* ASSIGNMENT
Omit all pictures, then retype the data exactly as given.
-*-*-
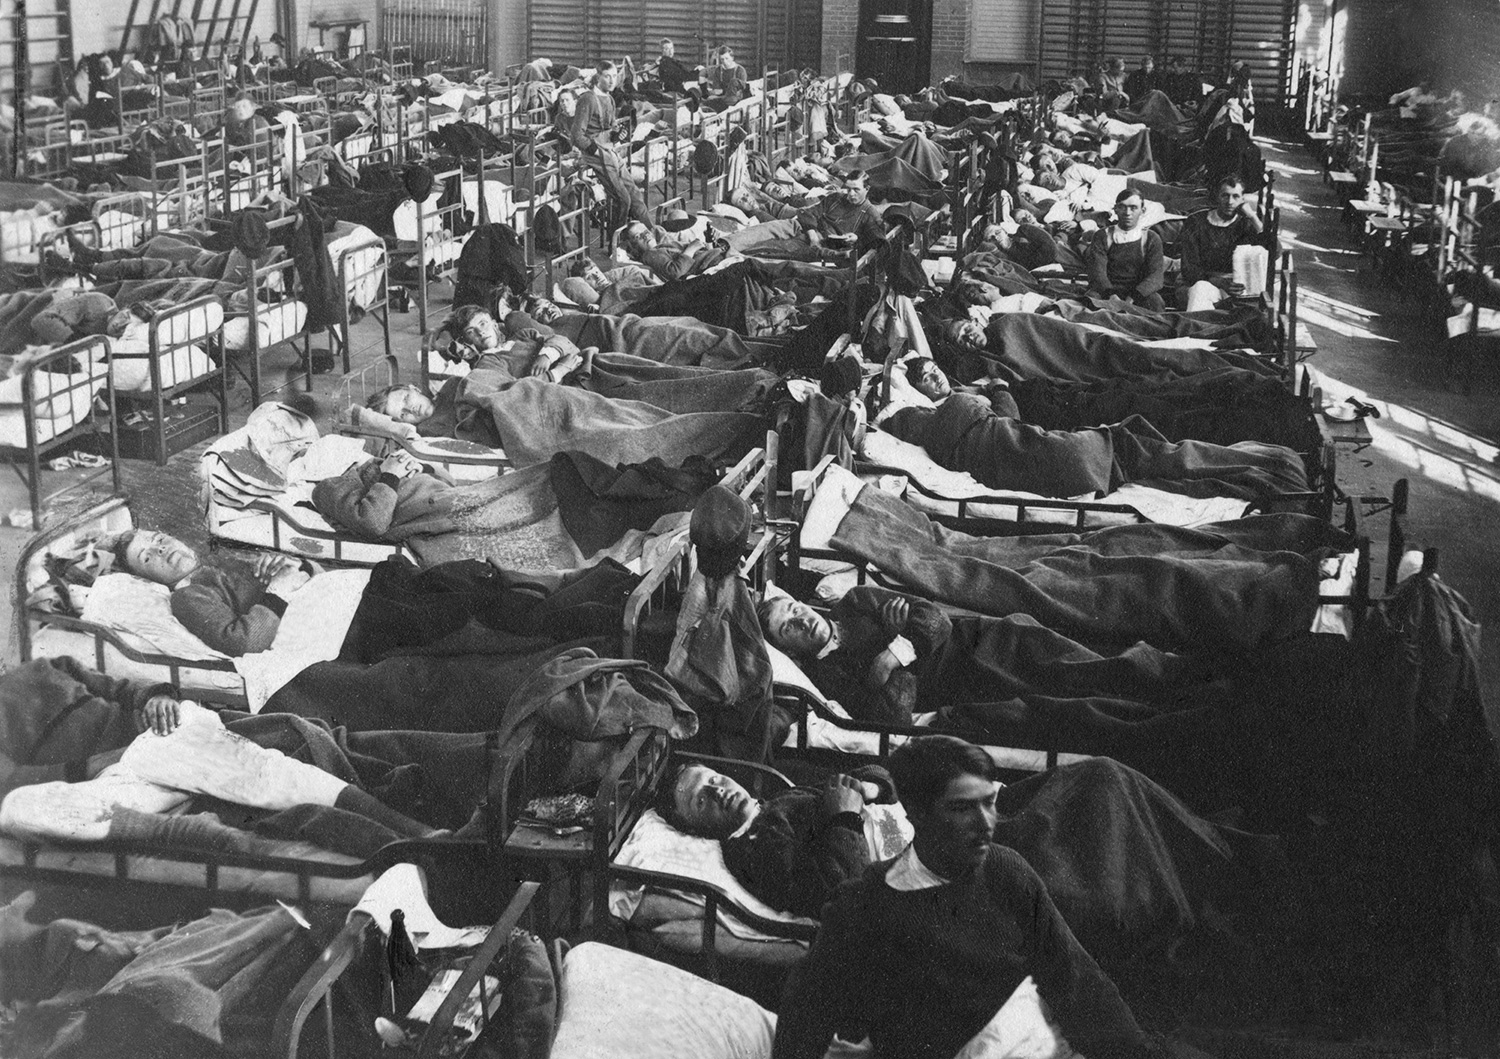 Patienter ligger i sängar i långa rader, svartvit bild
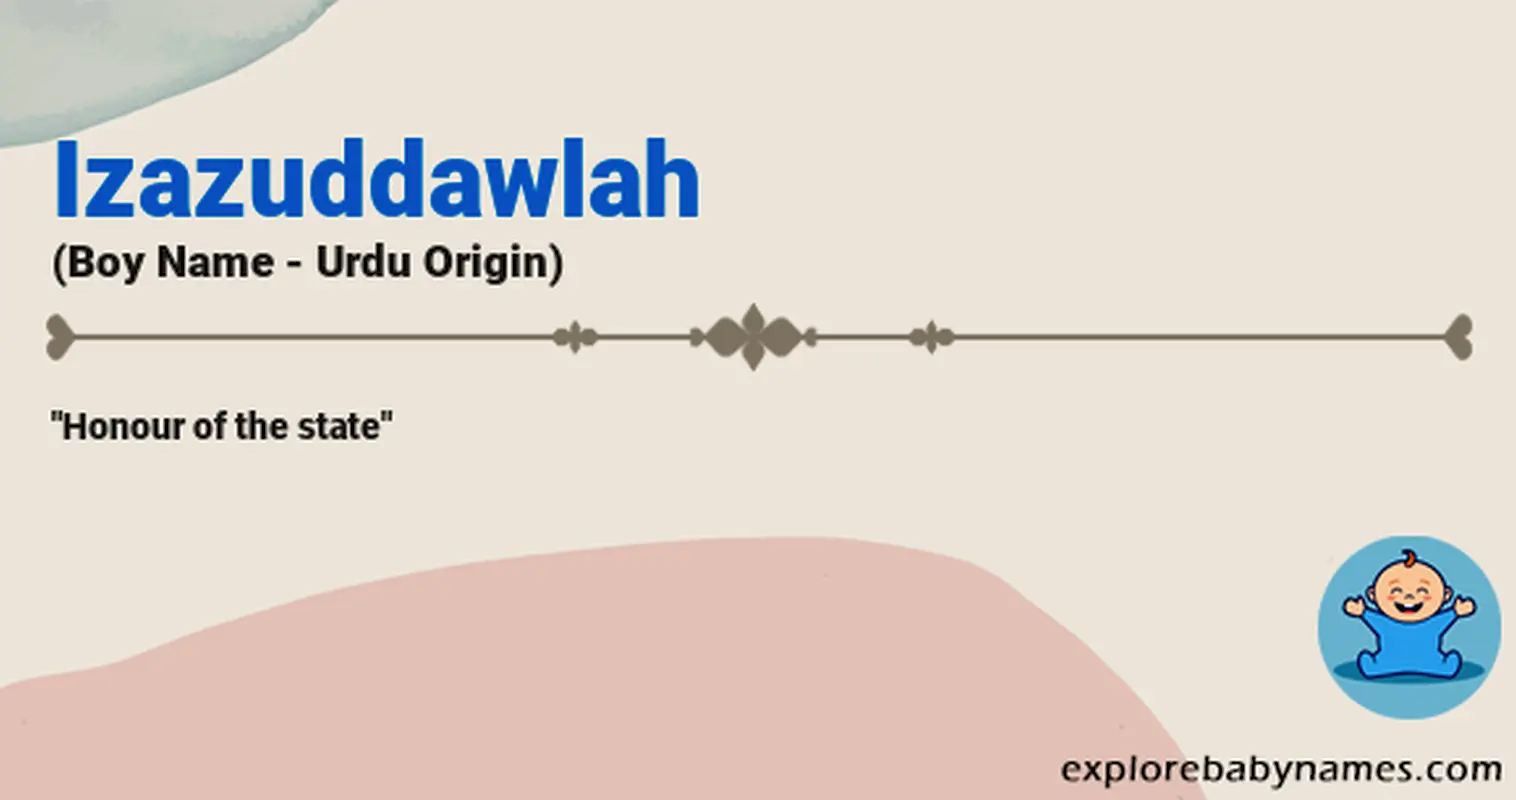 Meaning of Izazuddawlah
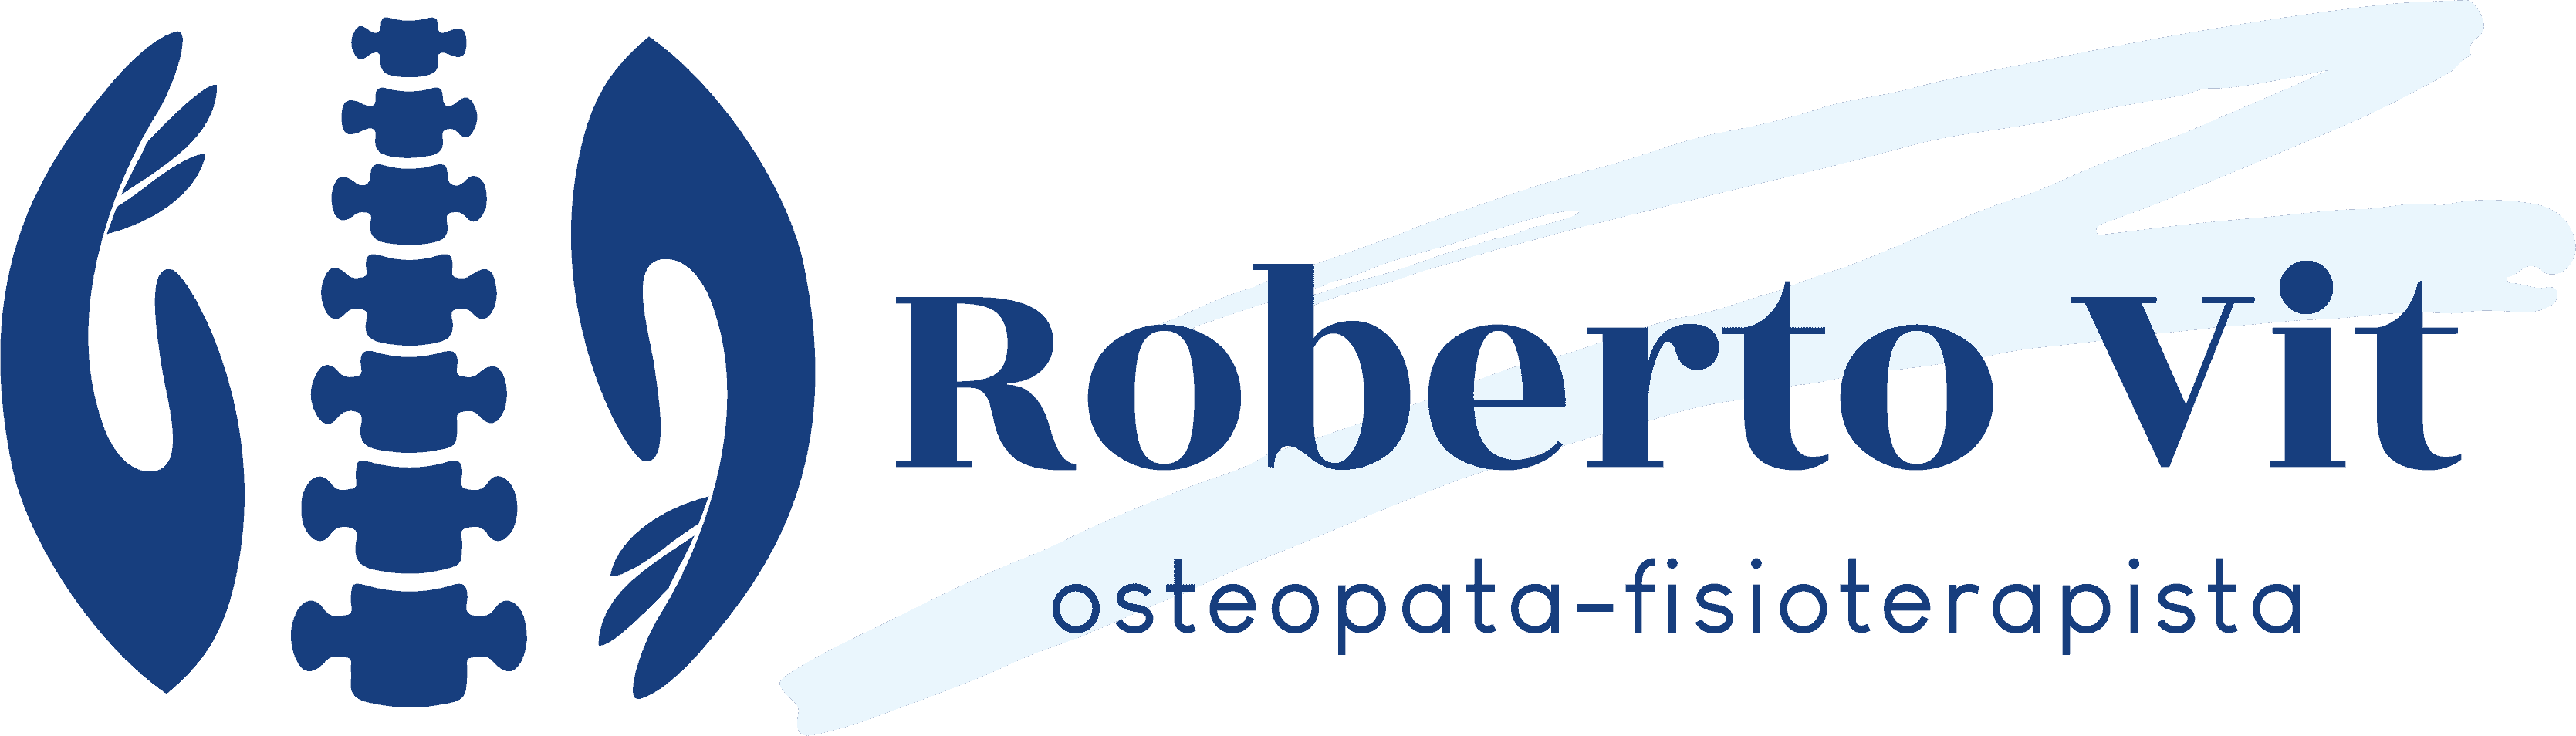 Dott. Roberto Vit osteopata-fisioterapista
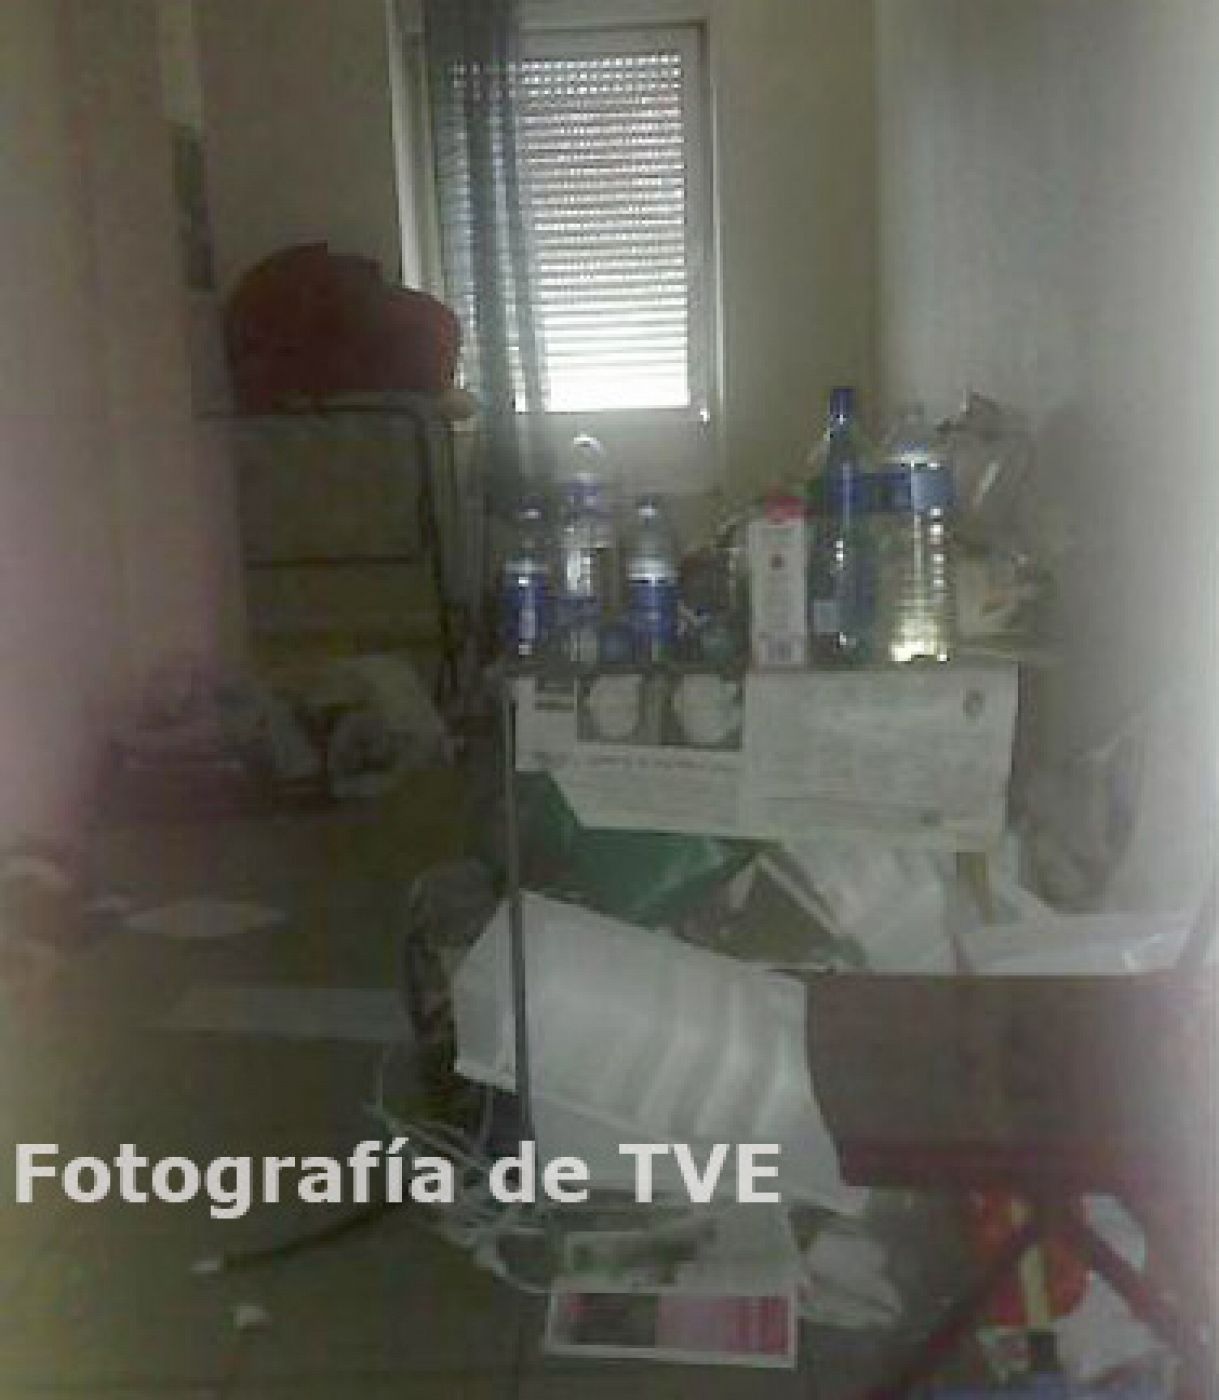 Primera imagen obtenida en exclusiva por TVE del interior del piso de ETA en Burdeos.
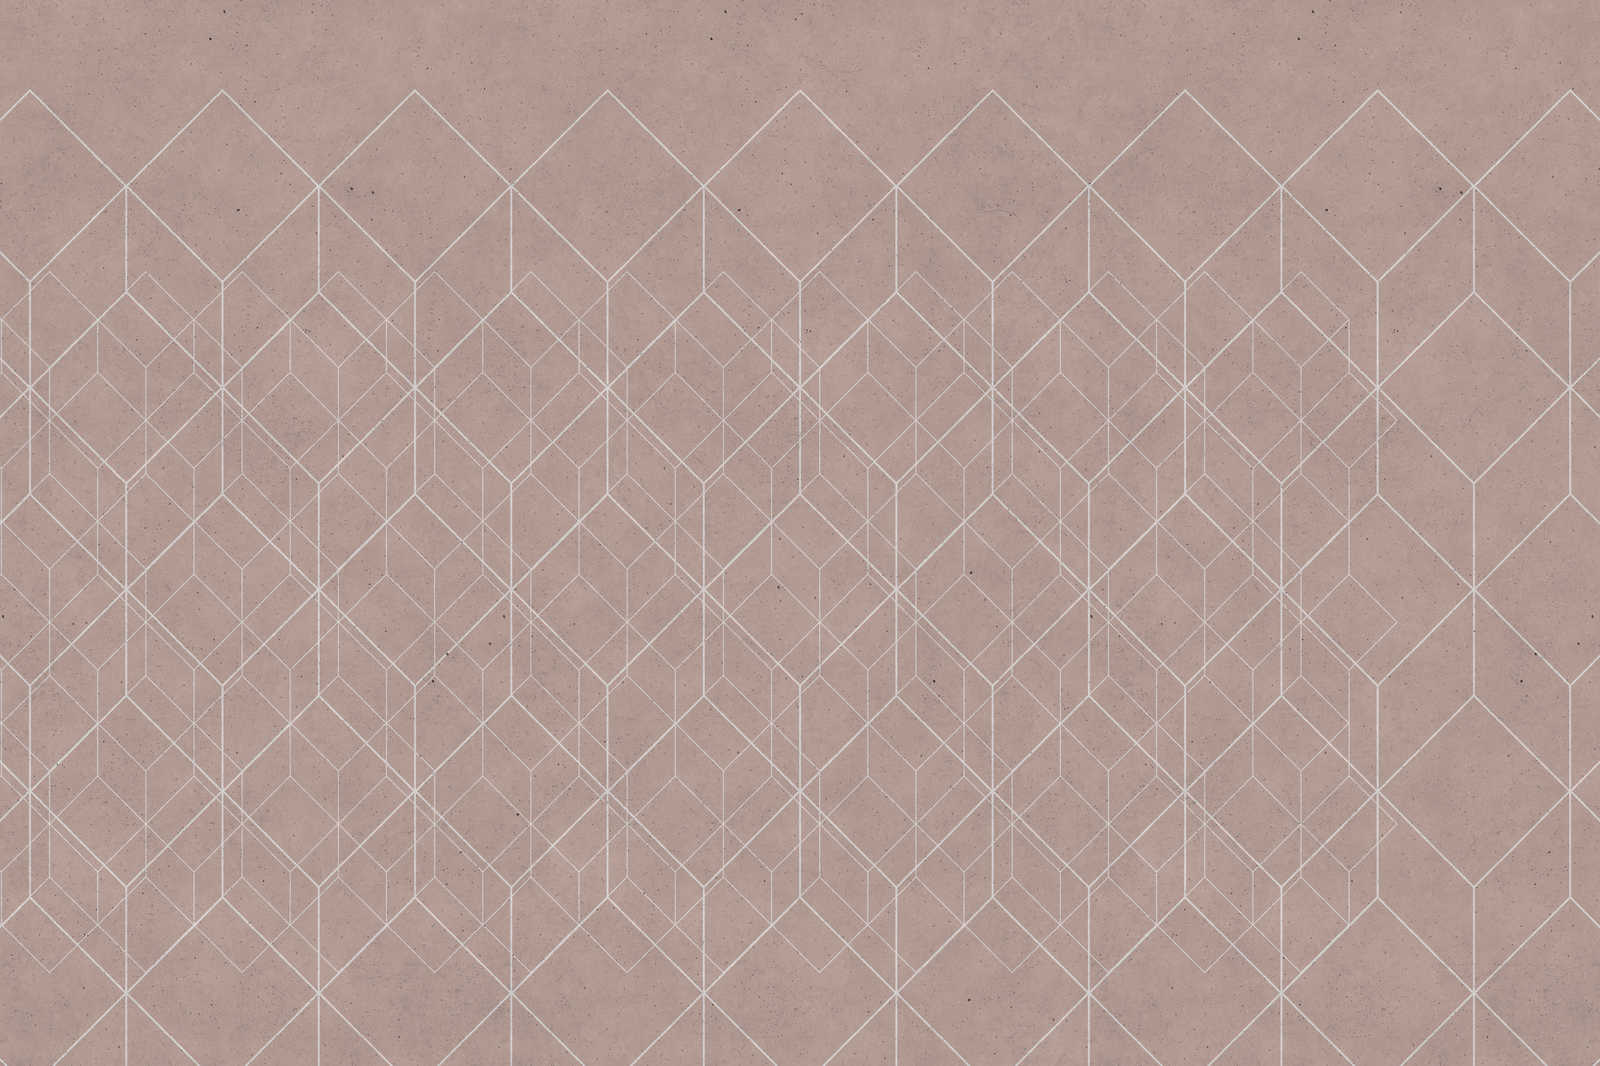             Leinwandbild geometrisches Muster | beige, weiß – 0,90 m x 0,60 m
-*-*-
* YOUR SOLUTION
 Patienter ligger i sängar i långa rader, svartvit bild
 Meaning of Izazuddawlah
 Dott. Roberto Vit osteopata-fisioterapista
 Primera imagen obtenida en exclusiva por TVE del interior del piso de ETA en Burdeos.
             Leinwandbild geometrisches Muster | beige, weiß – 0,90 m x 0,60 m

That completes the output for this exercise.